How to Optimize MongoDB Query Performance with Indexes(visualeaf.com) |
How to Optimize MongoDB Query Performance with Indexes(visualeaf.com) |
1: export the data out of MongoDB
2: import the data in PostgreSQL, ClickHouse, DuckDB, whatever
3: create the indexes there
4: uninstall MongoDB
not sure if this was fixed in recent versions, but if you have index on array of strings/ints, and then use `addToSet` operator, the index is not used for the `addToSet` operation, and the disk is hammered for each update to verify if the content of the array has unique values. with pretty high volume, you can easily saturate the disk queue, wondering what is happening and how you can fix that
after few years of working with few TB collections (tables) in mongo, I can say that this DB is good if you want to insert data, but don't need to read the data that much often. if you need json and read heavy DB, consider something else eg elastic (with all it's drawbacks), because at some point the limiting factor for you will be indexes in mongo, that are the most weak part of this DB (even more weak than the infamous data loss)
That's also why I decided to concentrate on the entire workflow rather than on the index itself in the article: Find the slow query -> Analyze Explain -> Analyze the ratio between scanned and returned documents -> Create an index -> Test the same query again...

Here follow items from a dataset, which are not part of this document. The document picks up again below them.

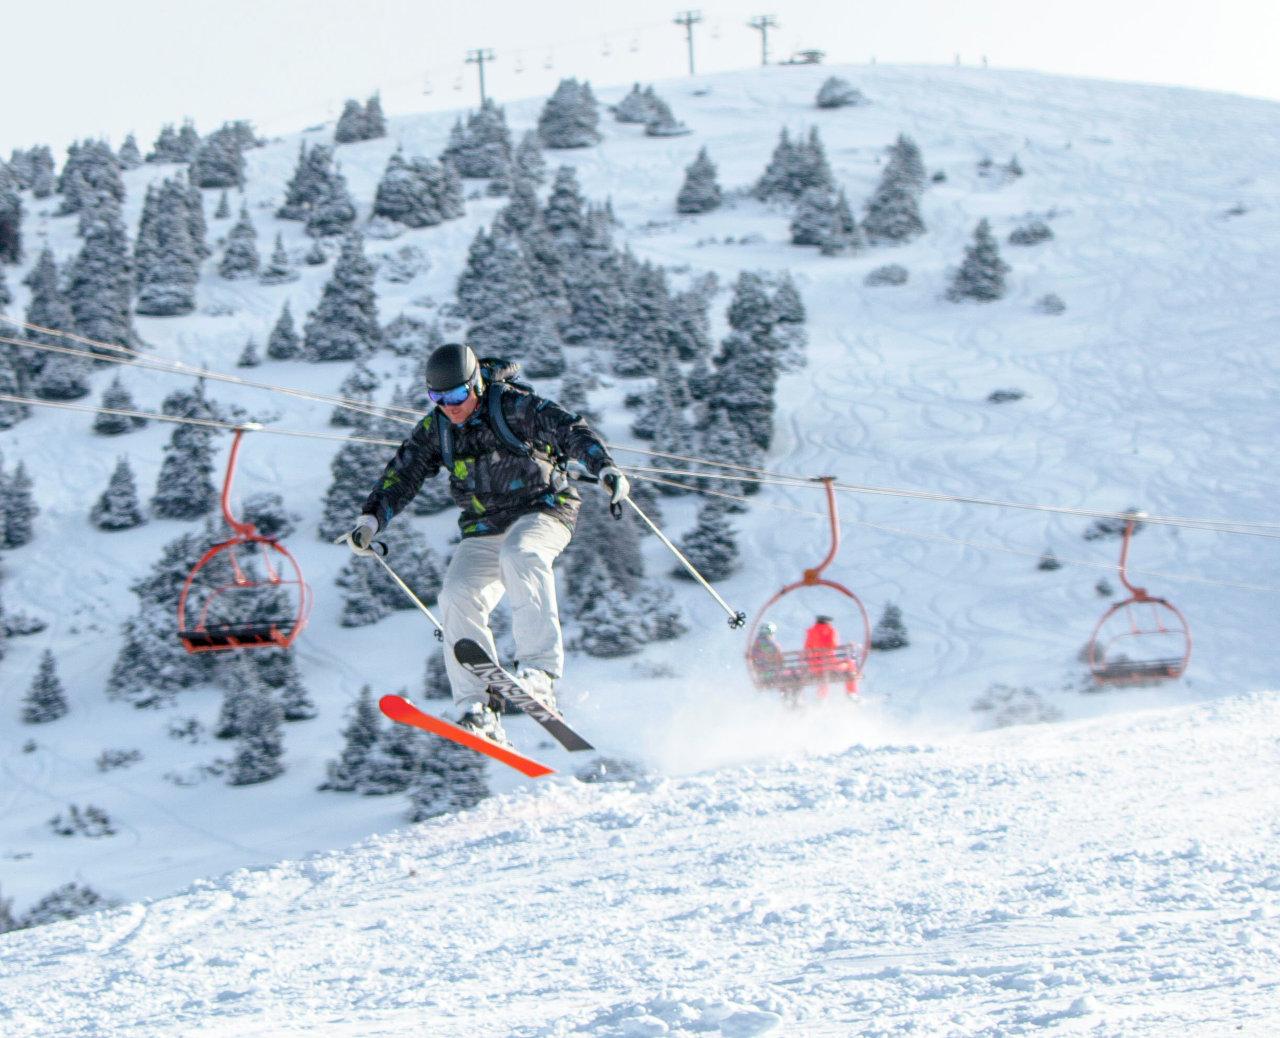 Лыжный сезон на базе Каракол начинается в ноябре и продолжается до апреля.
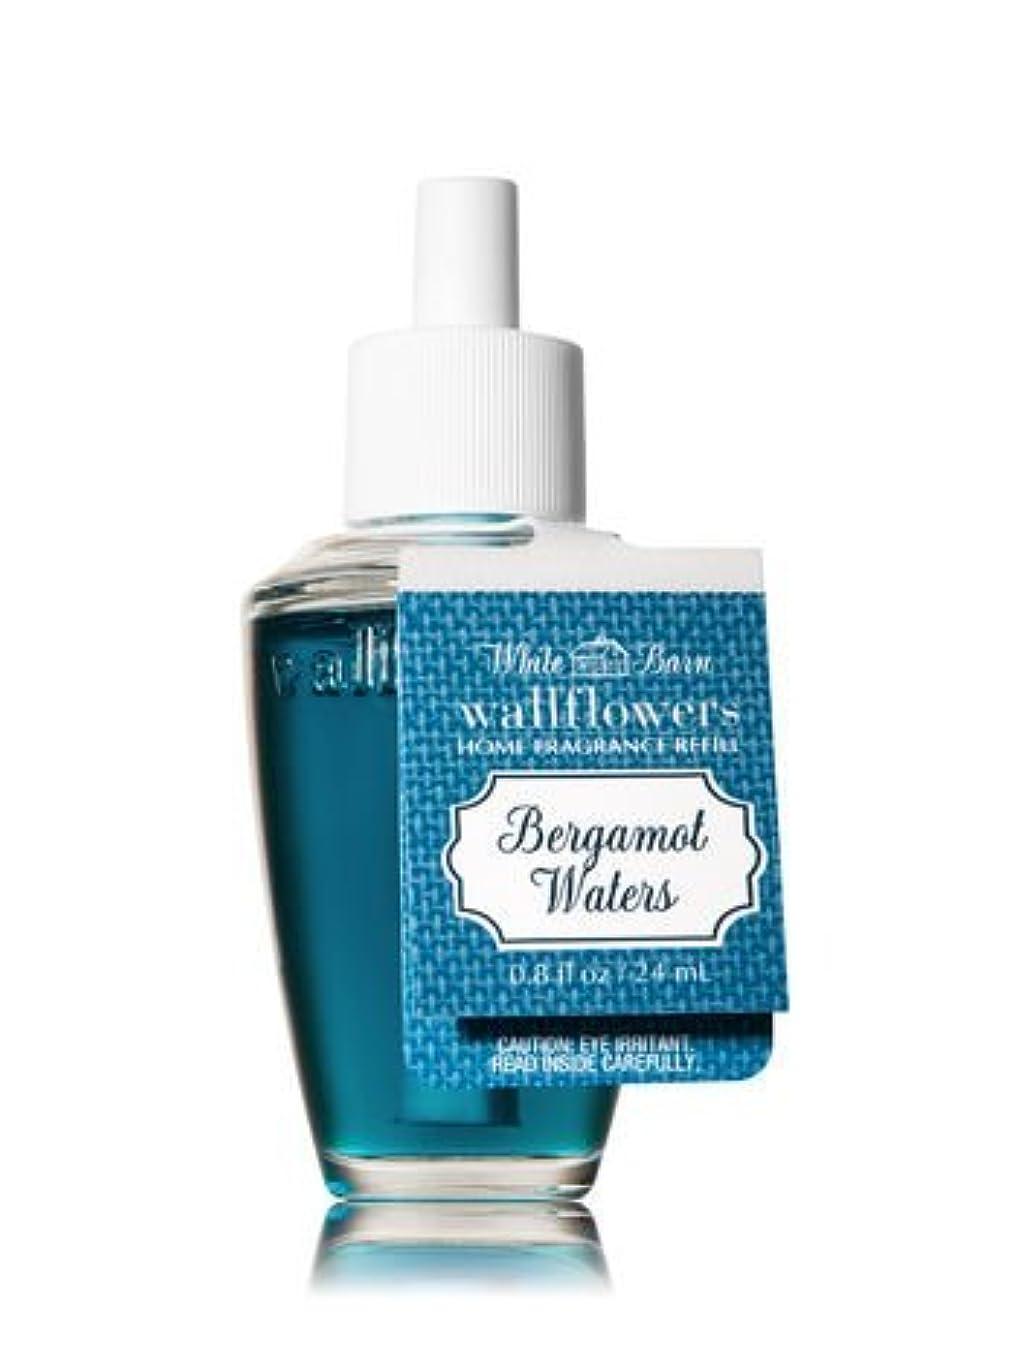 慎重ピンタール【Bath&Body Works/バス&ボディワークス】 ルームフレグランス 詰替えリフィル ベルガモットウォーター Wallflowers Home Fragrance Refill Bergamot Waters [並行輸入品]
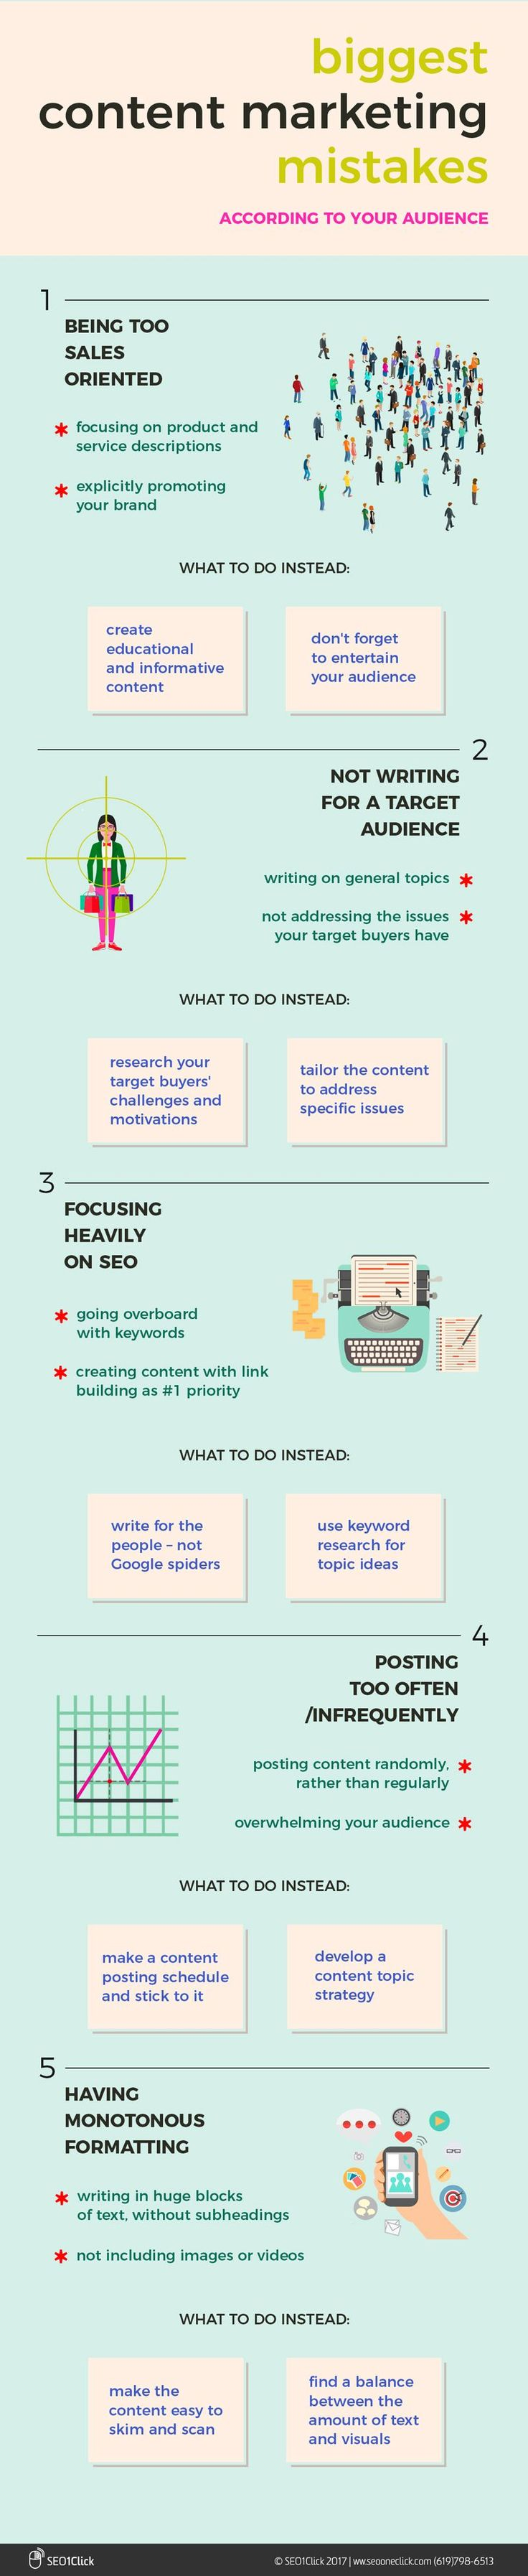 5 Content Marketing Mistakes That Turn Your Audience Off [Infographic] - @redwebdesign Leia os nossos artigos sobre Marketing Digital no Blog Estratégia Digital em http://www.estrategiadigital.pt/category/marketing-digital/
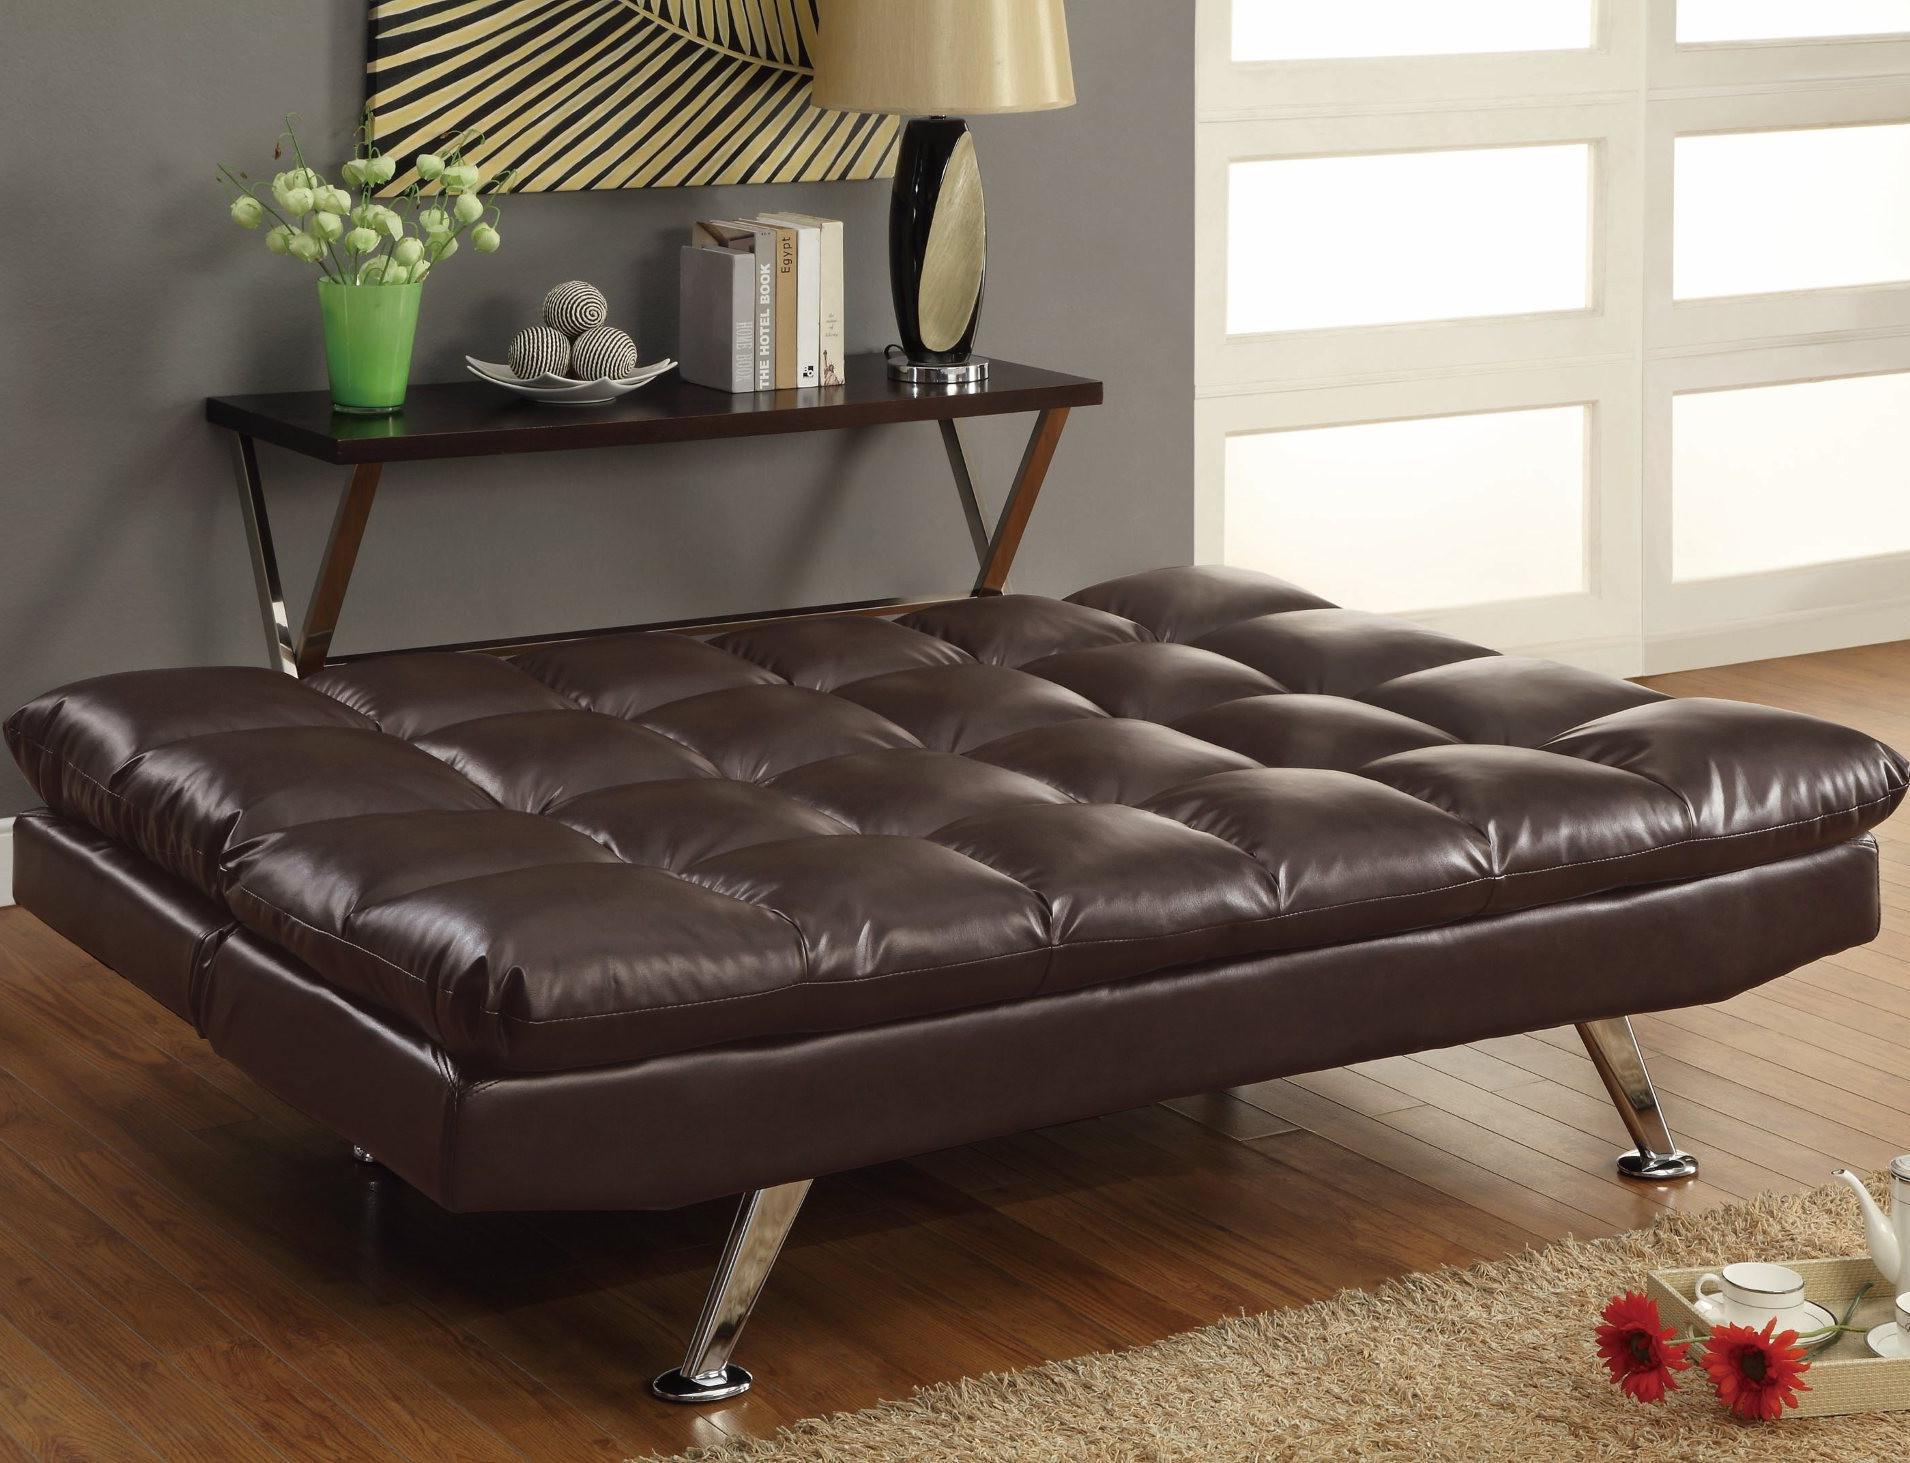 Sofa-Beds_300122-b2

In this particular case, a compound index was selected based on filters and a sort clause. I completely agree that using index intersections in a real workload could be quite dangerous, especially if MongoDB chooses to use another index instead.
The `$addToSet` example is also very valid; however, for me, that is more like a schema problem than a regular indexing problem in a read query. Still, the array could become extremely big regardless of the presence of indexes, and it might require a dedicated note in the article.
If a system is working fine, the expense and risk of moving may end up being far greater than any optimization efforts on the existing database. This is also why I believe profiling tools, explain plans, and indexes are all useful; there are plenty of cases where MongoDB is sufficient but still needs optimization...